Conduct Surveillance

World-class surveillance operatives

When a school board wanted to develop a program to combat residency fraud they came to Dinolt Becnel & Wells Investigative Group to do the investigations. Residency fraud is when parents enroll their children in schools where they do not reside. It is a serious problem, as it bleeds resources from cash-strapped municipalities, who are forced to shoulder the substantial cost of educating students from families who do not pay taxes in their jurisdictions.

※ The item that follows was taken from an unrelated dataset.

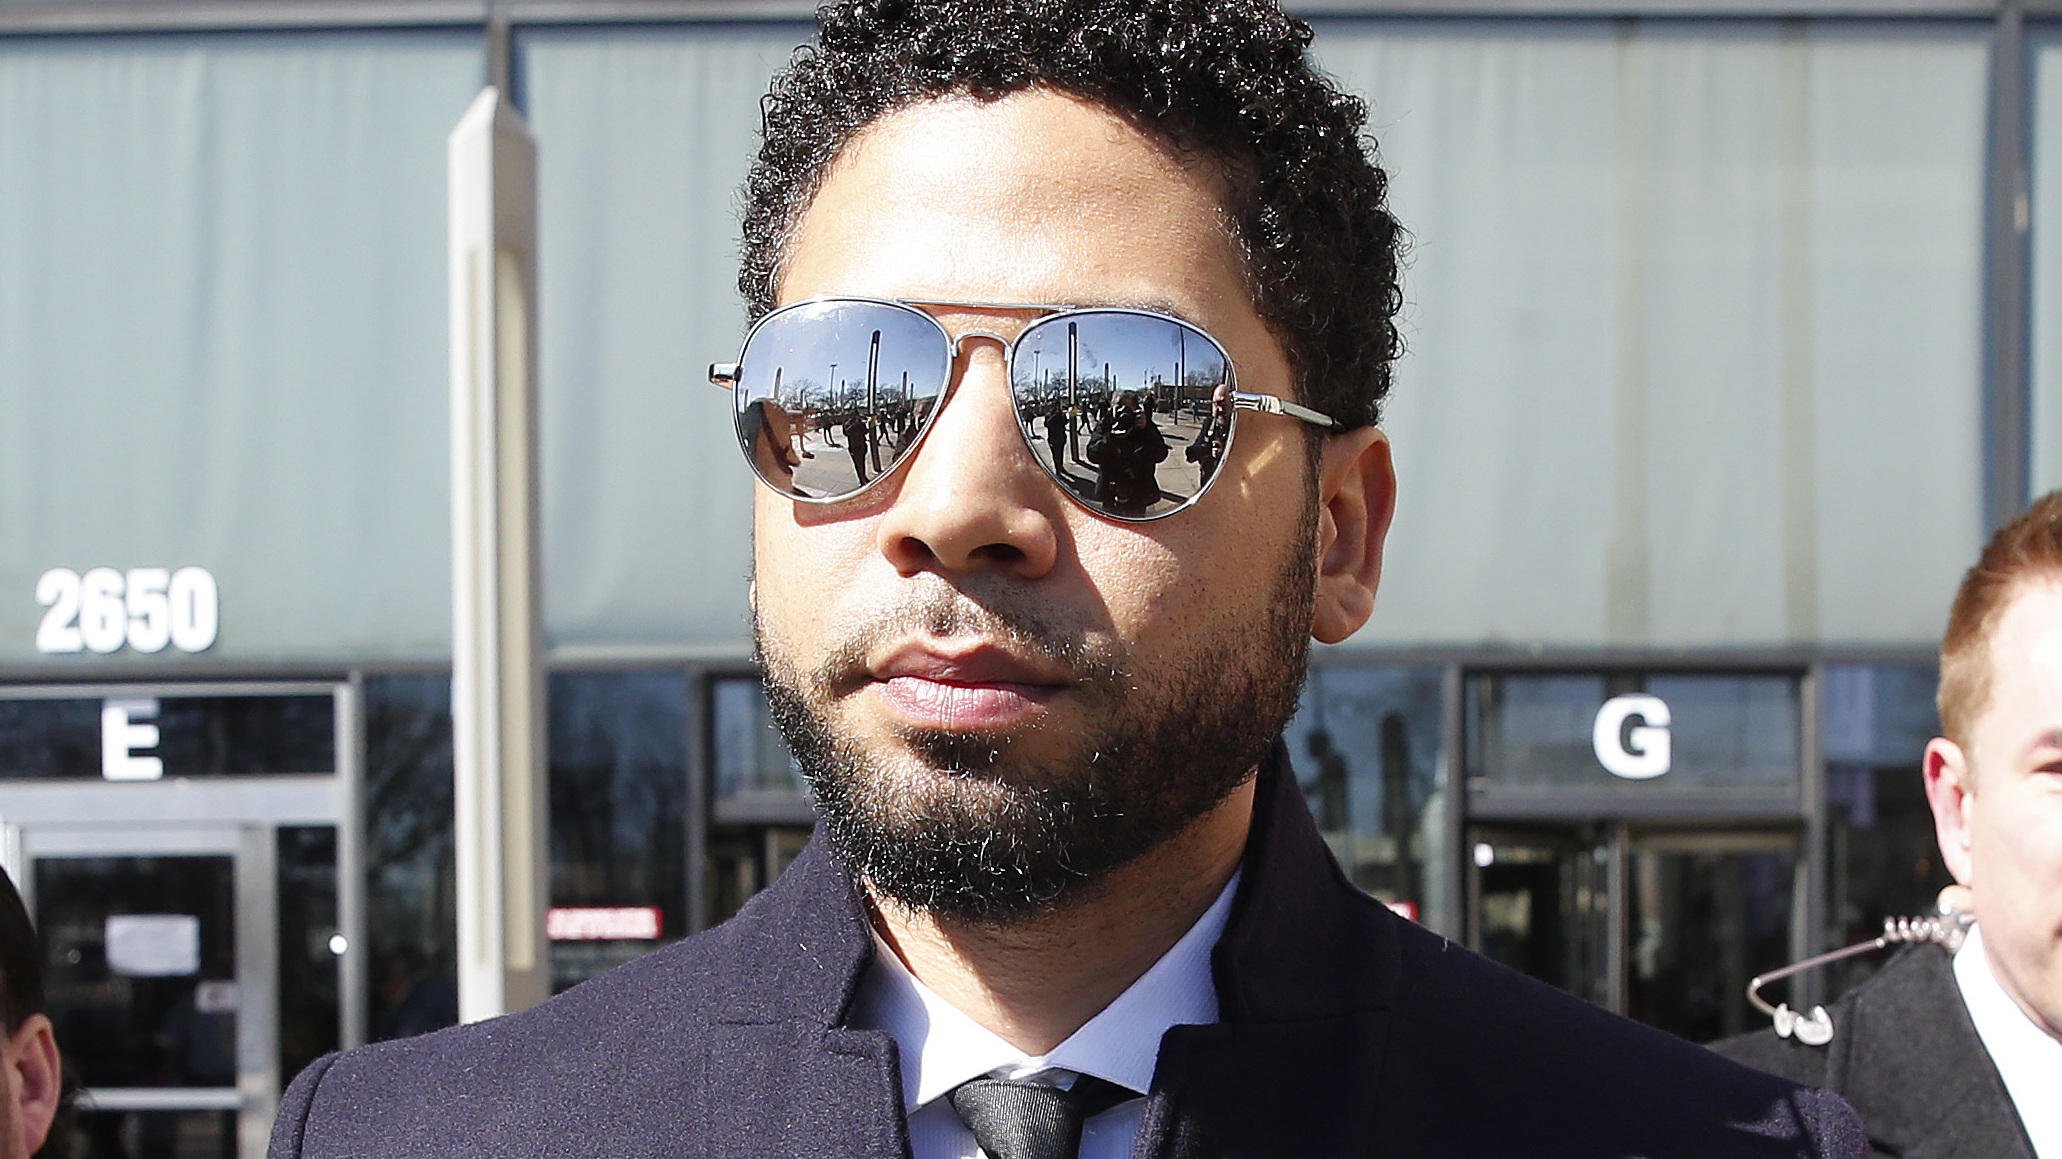 Judge Orders Special Prosecutor To Review Handling Of Jussie Smollett Case | NPR Illinois2062 x 1159

Our firm was instrumental in creating an anti-residency fraud program in this school jurisdiction, where no such comprehensive program had existed before. One of the main challenges we faced was how to “prove” parents were living in a certain location, particularly if tax, motor vehicle, and property records were inconsistent. We quickly determined that the only way we could prove the fraud was to observe students at homes outside of their schools’ jurisdiction.

The evidence we gleaned from our investigations was essentially irrefutable, which significantly helped the school board confront the guilty parents and to set an example to stem the problem of residency fraud.

For an entire school year, our private investigators received countless tips from an anonymous hotline (among other sources), did intensive research on parents’ residences to investigate the complaints—and we conducted daily surveillance on the subjects of these tips to see where they came from before school. Because the subjects of these investigations were children, our investigations had to be handled with the utmost delicacy.

Because of the top-notch work our investigators did, we were able to identify scores of parents who were brazenly ripping off the school system. Our reports contained photographs of students and their parents leaving homes in outside jurisdictions and commuting into the schools. The evidence we gleaned from our investigations was essentially irrefutable, which significantly helped the school board confront the guilty parents and to set an example to stem the problem of residency fraud.